Using a thicker board or additional layers provides more mechanical strength and stiffness to prevent flexing or trace cracking that can lead to lifted pads. A good rule of thumb is to use at least 0.8mm thickness for every 4 copper layers, with absolute minimum thicknesses of:

  • 0.4mm for 1-2 layers
  • 0.6mm for 4 layers
  • 0.8mm for 6-8 layers
  • 1.0mm for 10-12 layers

Avoiding Acute Trace Angles

Traces that meet pads at 90° angles create stress concentration points that are prone to cracking. Using curved, rounded trace entrances or 45° corners minimizes this stress.

Recommended minimum trace to pad radii:

Trace Width Radius
2-4 mils 5 mils
4-8 mils 10 mils
8-12 mils 15 mils

Preventing Lifted Pads in PCB Fabrication

In addition to design considerations, controlling the PCB fabrication process is key to avoiding lifted pads.

Drill Hit Accuracy

Precise drilling requires the use of high quality, well-maintained drill bits and good drill hit registration. Drill bit run-out and wander needs to be routinely checked and bits changed out or re-pointed when they exceed tolerances.

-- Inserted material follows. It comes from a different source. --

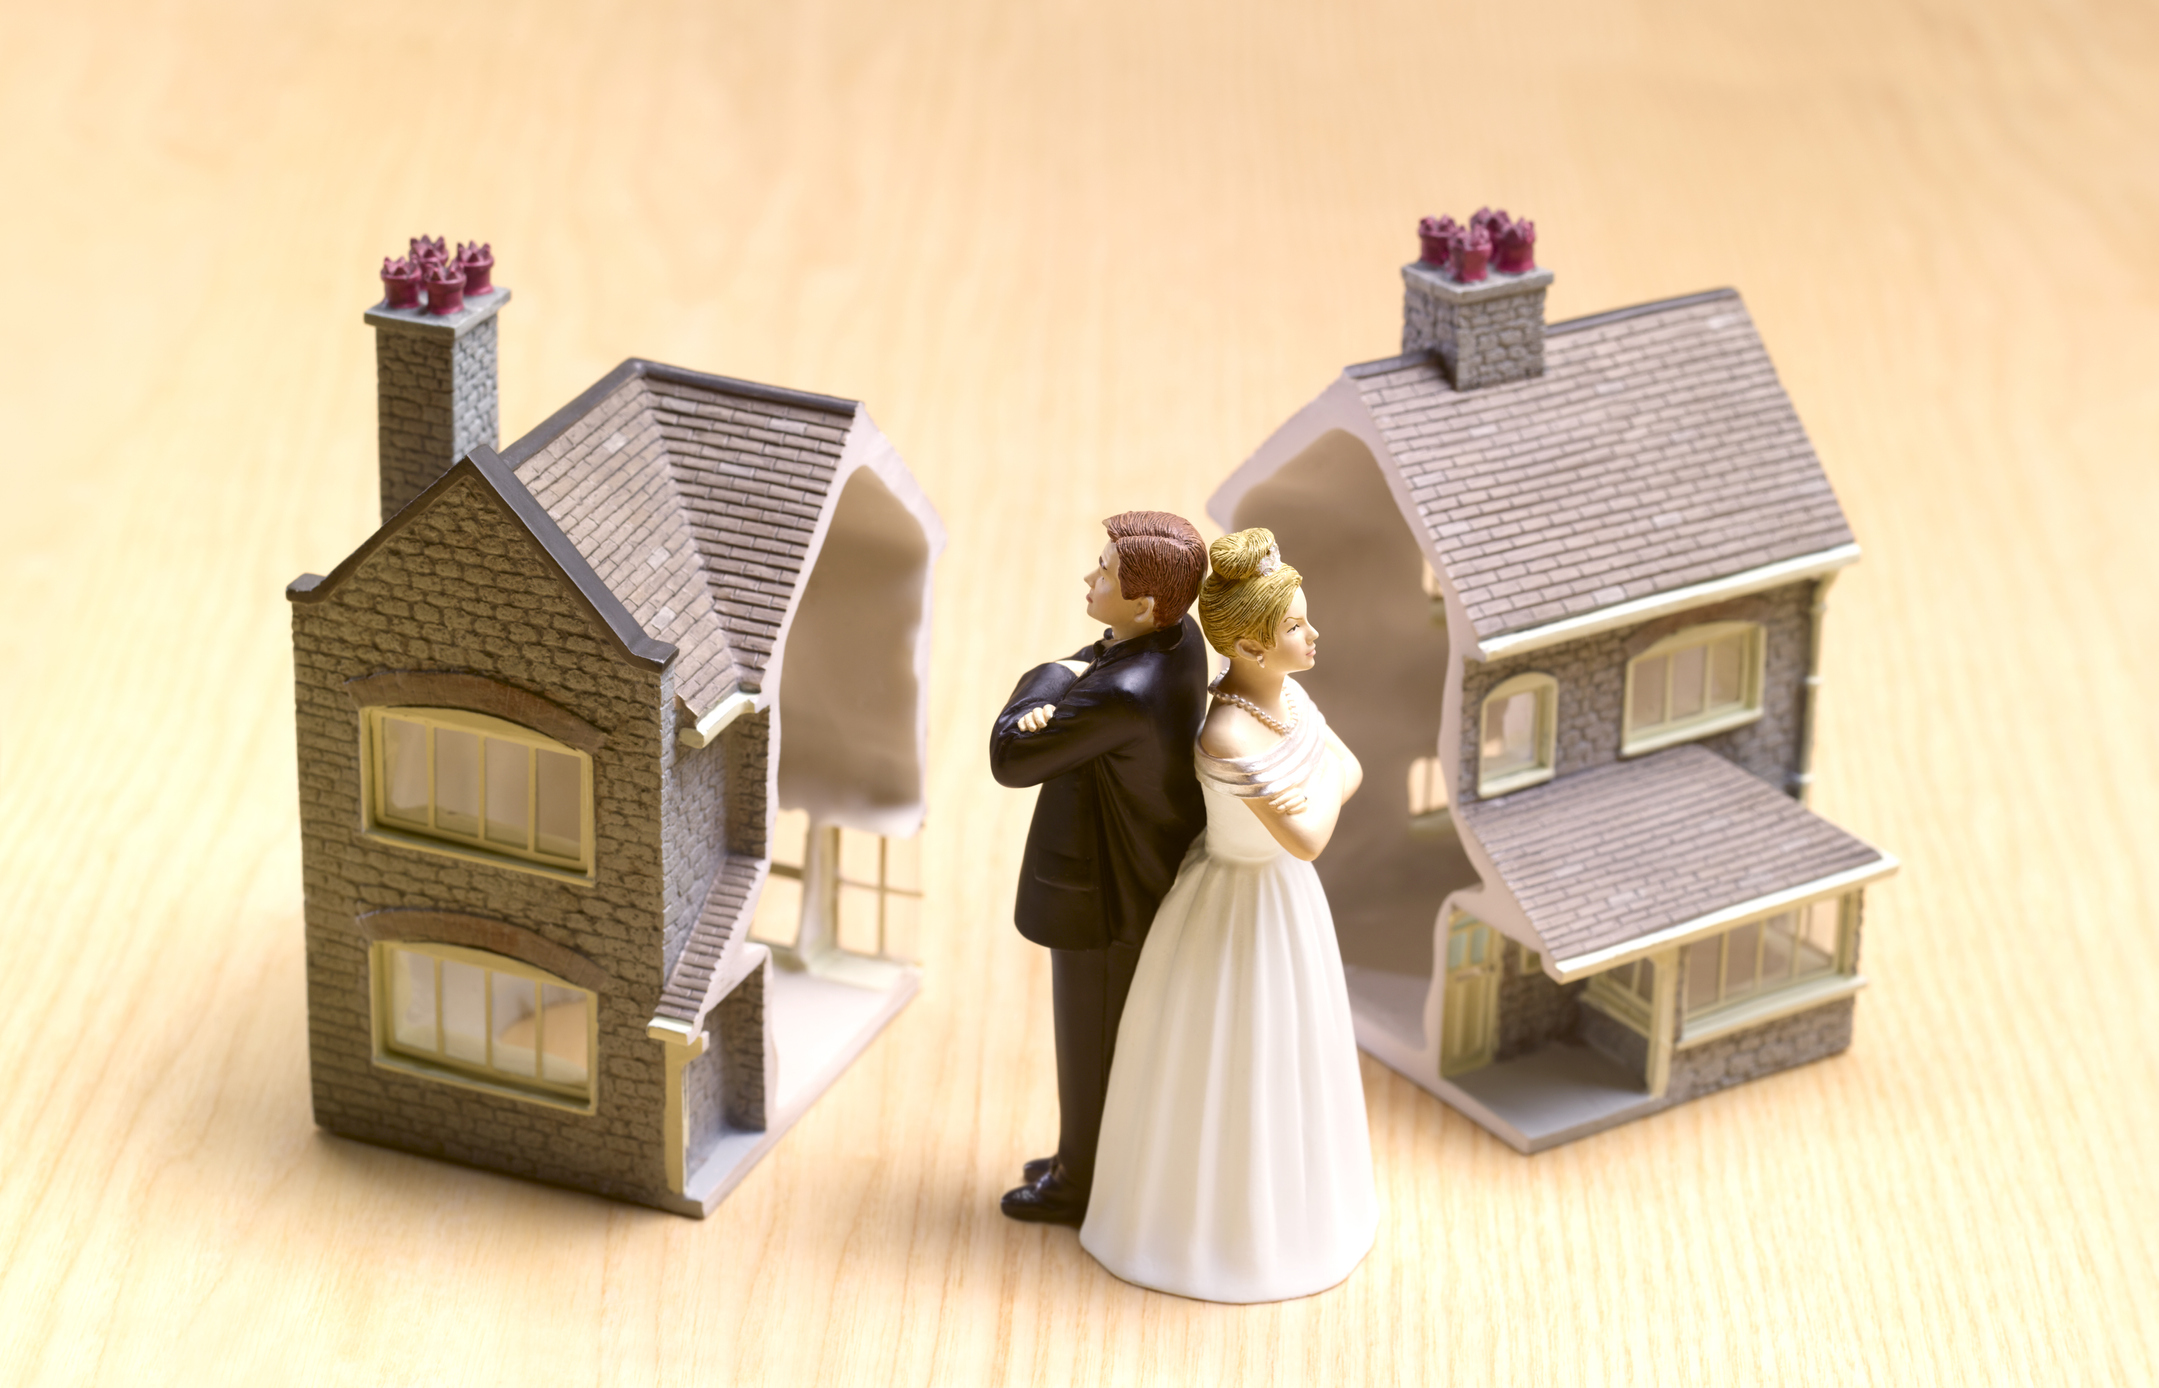 Divorce settlement house cut in half.

The x-ray drill hit inspection should verify:

  • Hole to pad concentricity within 5 mils
  • Hole breakout is < 90° of the pad circumference
  • No nailheading or tear-out of the holes

Lamination Control

The key variables for multi-layer lamination are the preheat and cool down ramp rates, the lamination temperature, pressure, and time. These need to be tightly controlled and optimized for the material and stack-up used.

Common FR-4 lamination recipe:

Step Setting
Vacuum 28 in-Hg for 15 min
Clamping Pressure 300 PSI
Heating Ramp 8-10°F/min to 350°F
Dwell Temperature/Time 350-360°F for 60 min
Cool Down Ramp 5-8°F/min to 150°F

Prepregs should be kept sealed until use and baked at 120-150°C for 1-2 hours before lamination to remove moisture.

Solder Mask Control

Applying the solder mask at the correct thickness and cure profile is important to avoid problems like measling or delamination that can contribute to pad lifting. The mask also needs good registration to the pads to maximize the bonding area.

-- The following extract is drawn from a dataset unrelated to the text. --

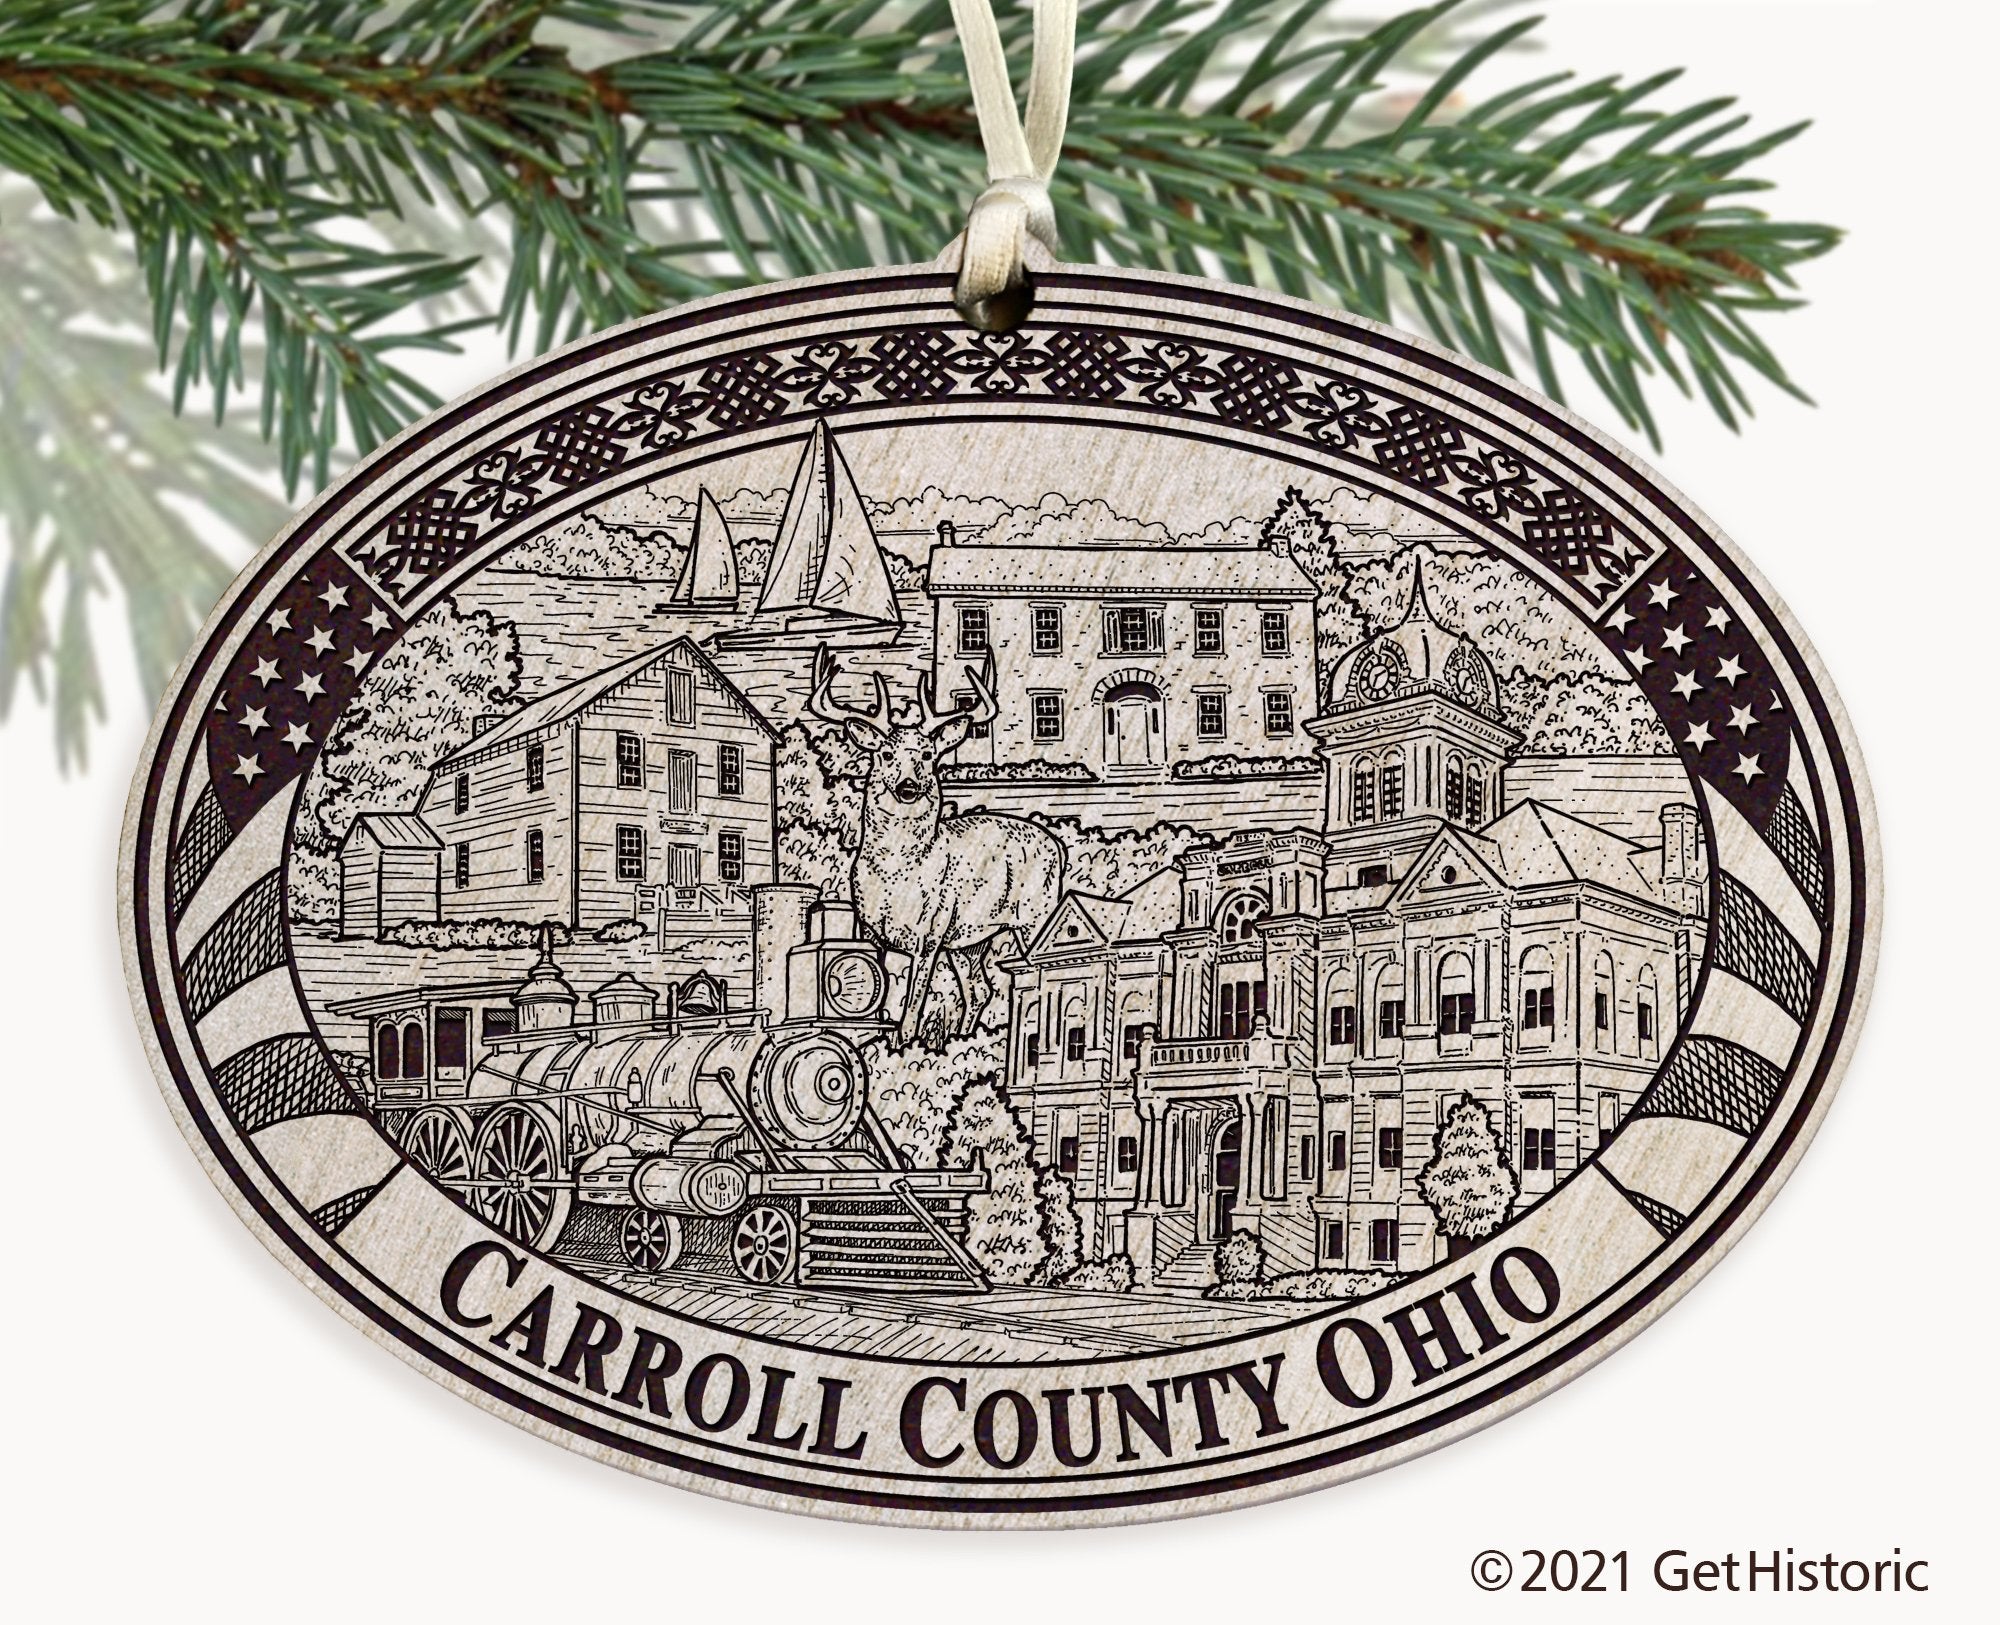 Carroll County Ohio Engraved Ornament

Typical solder mask parameters:

Mask Type Thickness Cure Temp Cure Time
LPI 0.5 mils 150°C 60 min
Dry film (vacuum) 1.0 mils 160°C 30 min
Dry film (tenting) 2.0 mils 160°C 30 min

The mask also needs good adhesion to the copper, typically > 4 lbs peel strength.

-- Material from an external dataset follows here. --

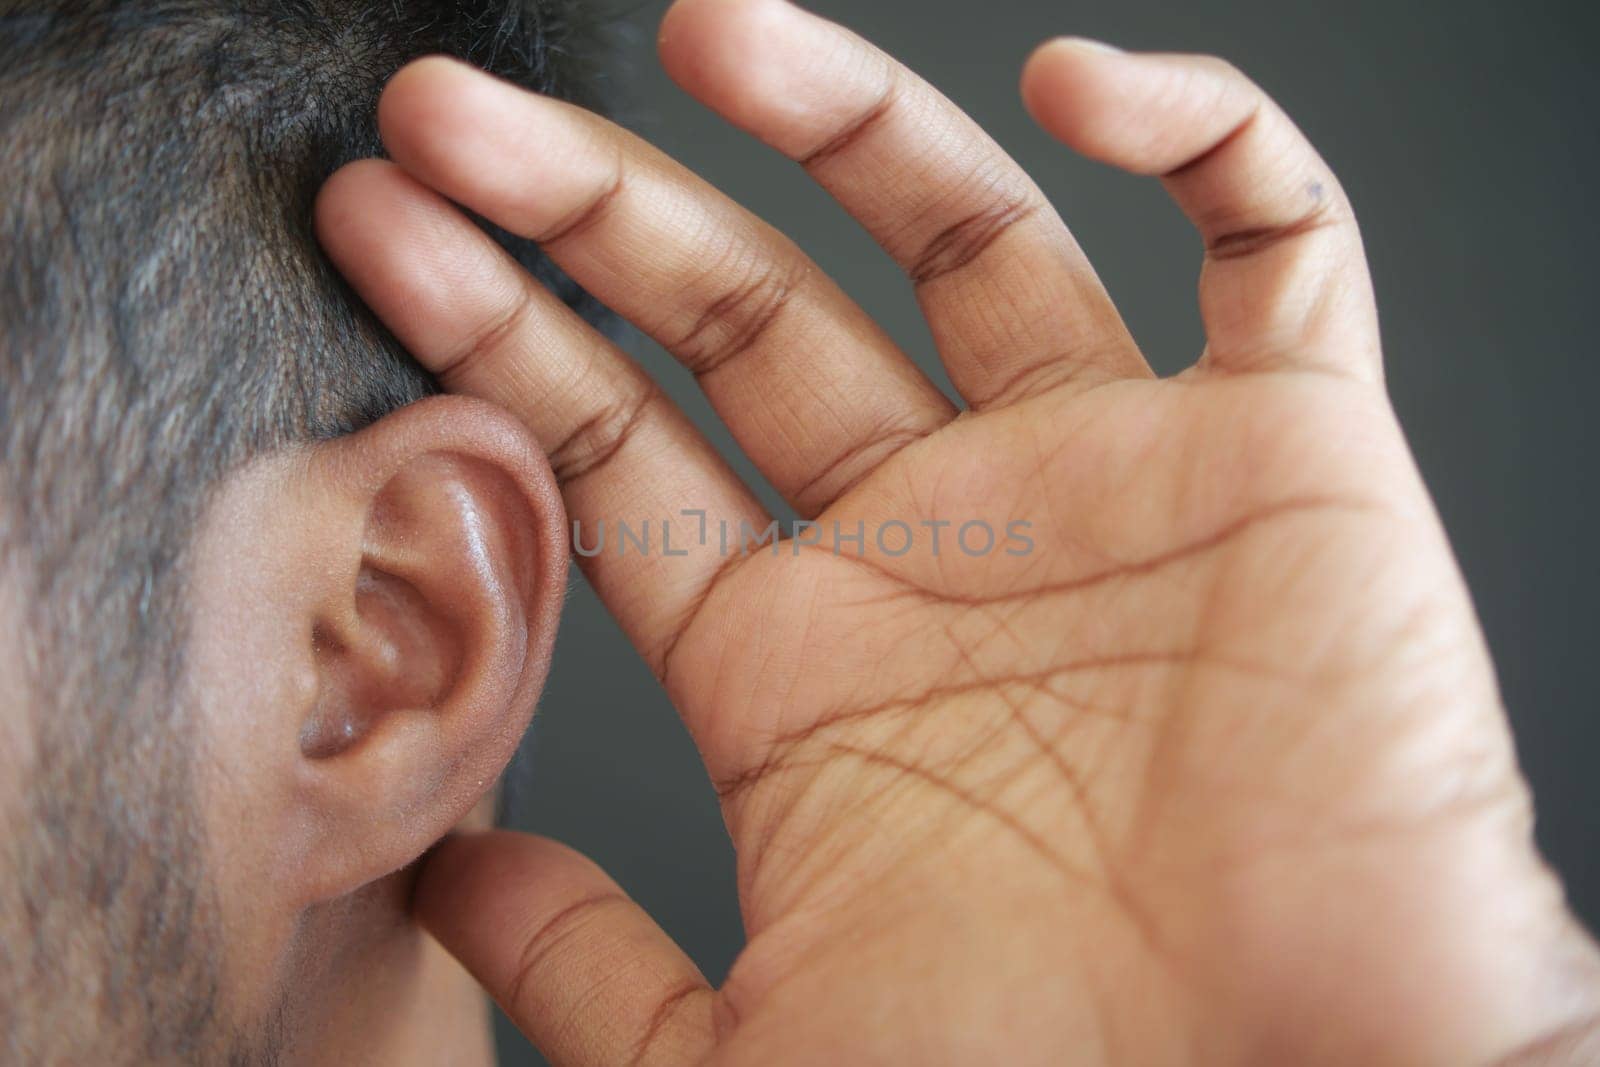 young man having ear pain touching his painful ear

Thermal Cycle Stress Testing

Subjecting sample PCBs to accelerated thermal cycling during qualification or batch testing can help screen for lifted pad issues. IPC-TM-650 specifies cycling bare boards between -40°C and 125°C for 100-400 cycles and then inspecting for any lifted pads or other delamination.

Typical thermal cycle test profile:

Step Setting
Low Temperature -40°C
High Temperature 125°C
Ramp Rate 2-5°C/min
Dwell Time 10-20 min
Number of Cycles 100-400

Boards that pass this test should be robust against lifted pads from thermal stresses during assembly or operation.

FAQ

What is the most common cause of lifted pads?

The most common causes are incorrect drill hit location and overstress during soldering. Problems from drilling are typically systematic across a panel or lot, while pad lifting from soldering may be more random.

Can you always see lifted pads visually?

Not always – lifted pads under components or minor ones at the edge of a pad may not be visible without magnification or x-ray. Electrical testing can detect lifted pads by a high resistance or open circuit.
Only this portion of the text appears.